For example, where a Layer 4 issue is detected (e.g., at block 234 in FIG. 2B) due to an inability to establish a TCP connection with the second application, the one or more actions may include ceasing connections between the first application and second application. In particular, a TCP connection with the second application may not have been successful due to the second application indicating previously that the second application desired to terminate connections between the first application and the second application. The second application may have previously made this indication via the transmission of a TCP reset (RST) packet. An RST packet is used by an application to indicate that it will neither accept nor receive more data. An application may generate and inject RST packets in order to terminate undesired connections.

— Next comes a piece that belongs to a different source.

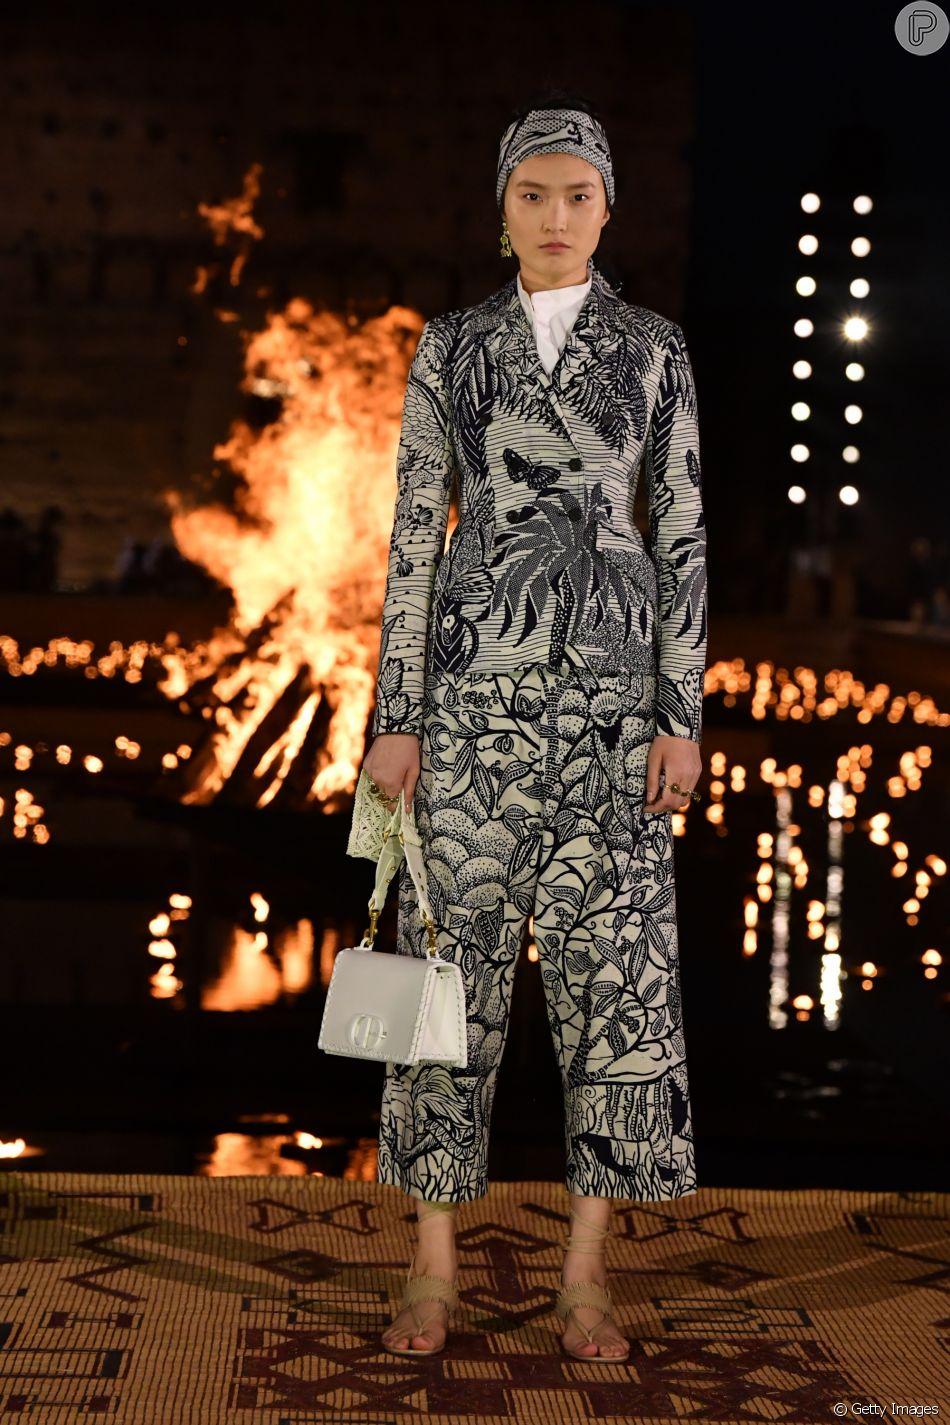 Combinação clássica, preto e branco aparece em novas versões nas passarelas. O look é Dior

In this case, it is possible that the first application did not previously, successfully receive these RST packet(s) which is why the TCP connection is now failing. As such, connections between the first and second applications may be stopped.
As another example, where a Layer 6 issue is detected (e.g., at block 238 in FIG. 2B) due to an inability to establish a TLS connection with the second application as a result of an expired certificate at the second application), the one or more actions may include updating a certificate at the second application. Alternatively, the one or more actions may include preventing connections with the second application, as the certificate on the second application has become untrustworthy to the first application.

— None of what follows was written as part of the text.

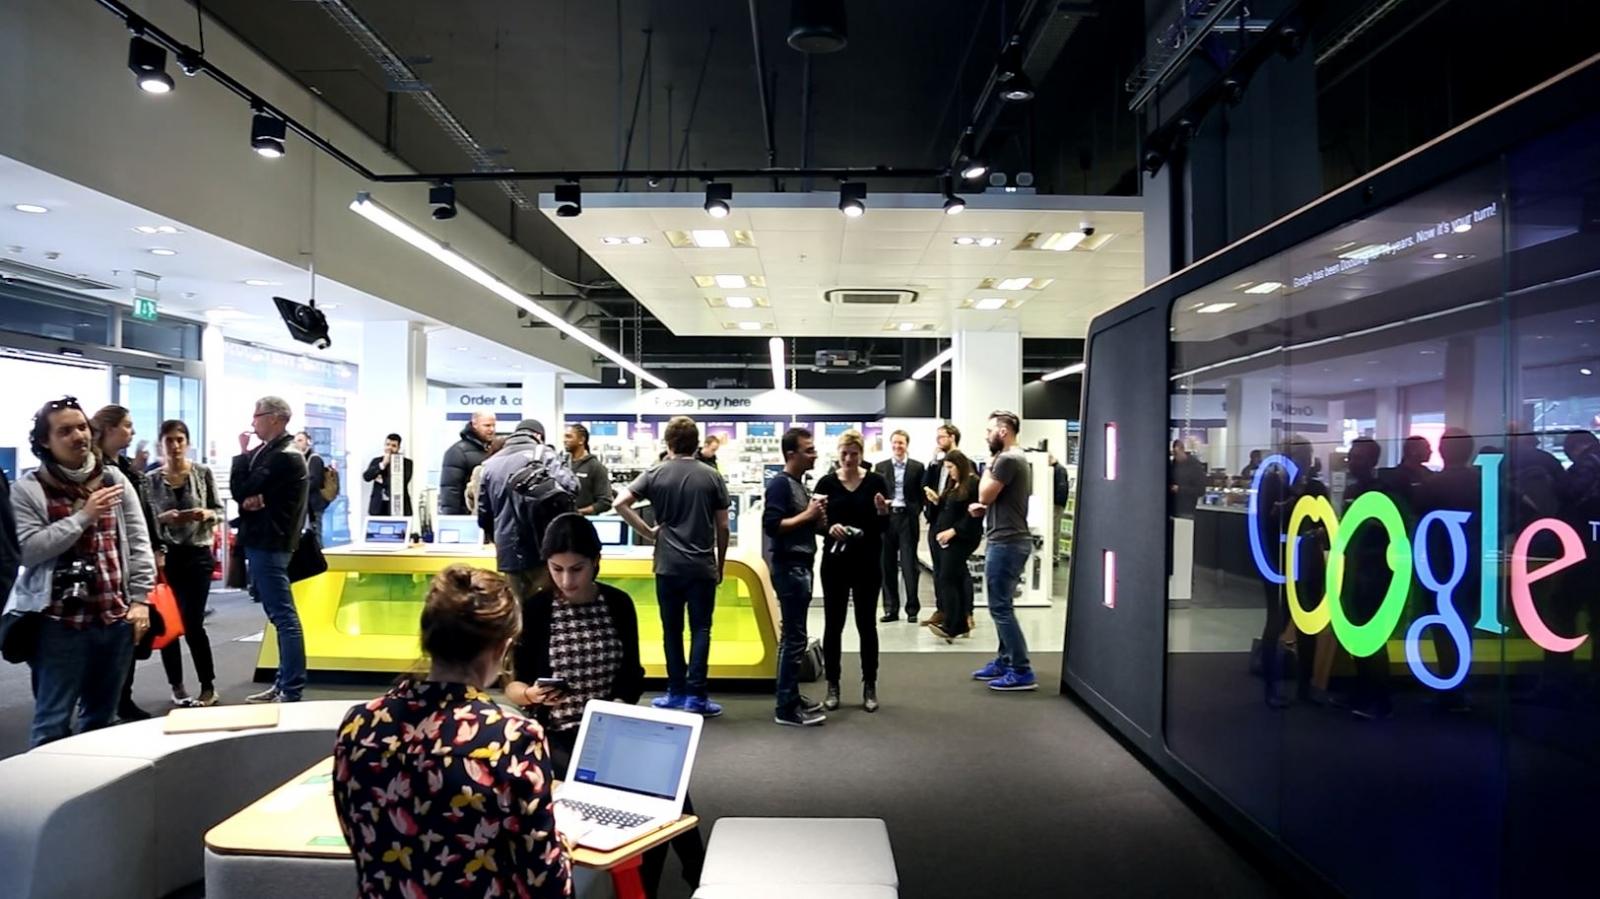 Google Shop opens in London

As another example, where a Layer 7 issue is detected (e.g., at block 238 in FIG. 2B) due to an inability use security tokens at the second application, one or more actions may include informing user (e.g., via a user interface (UI)) that the security tokens are not accepted by the second application and thus need to be updated.
In certain embodiments, at block 226, reasons as to why the system is degraded and/or unhealthy may be provided to a user. These reasons may be provided via UI.
Subsequent to taking one or more actions, at block 228, health checker 152 informs health monitor 154 of the degraded and/or unhealthy status of the system, and in response to receiving this information, health monitor 154 schedules a timer for retry of the health check. In particular, health monitor 154 may schedule subsequent health checks for the system at a predetermined interval or an increasing interval (e.g., to save resources). For example, health monitor 154 may use a timer to specify that subsequent health checks are to be performed every minute until health checker 152 determines that the system is healthy again. These recurrent health checks may be used to monitor the state of the system should it recover independently. These health checks may discontinue when the system is determined to be healthy again.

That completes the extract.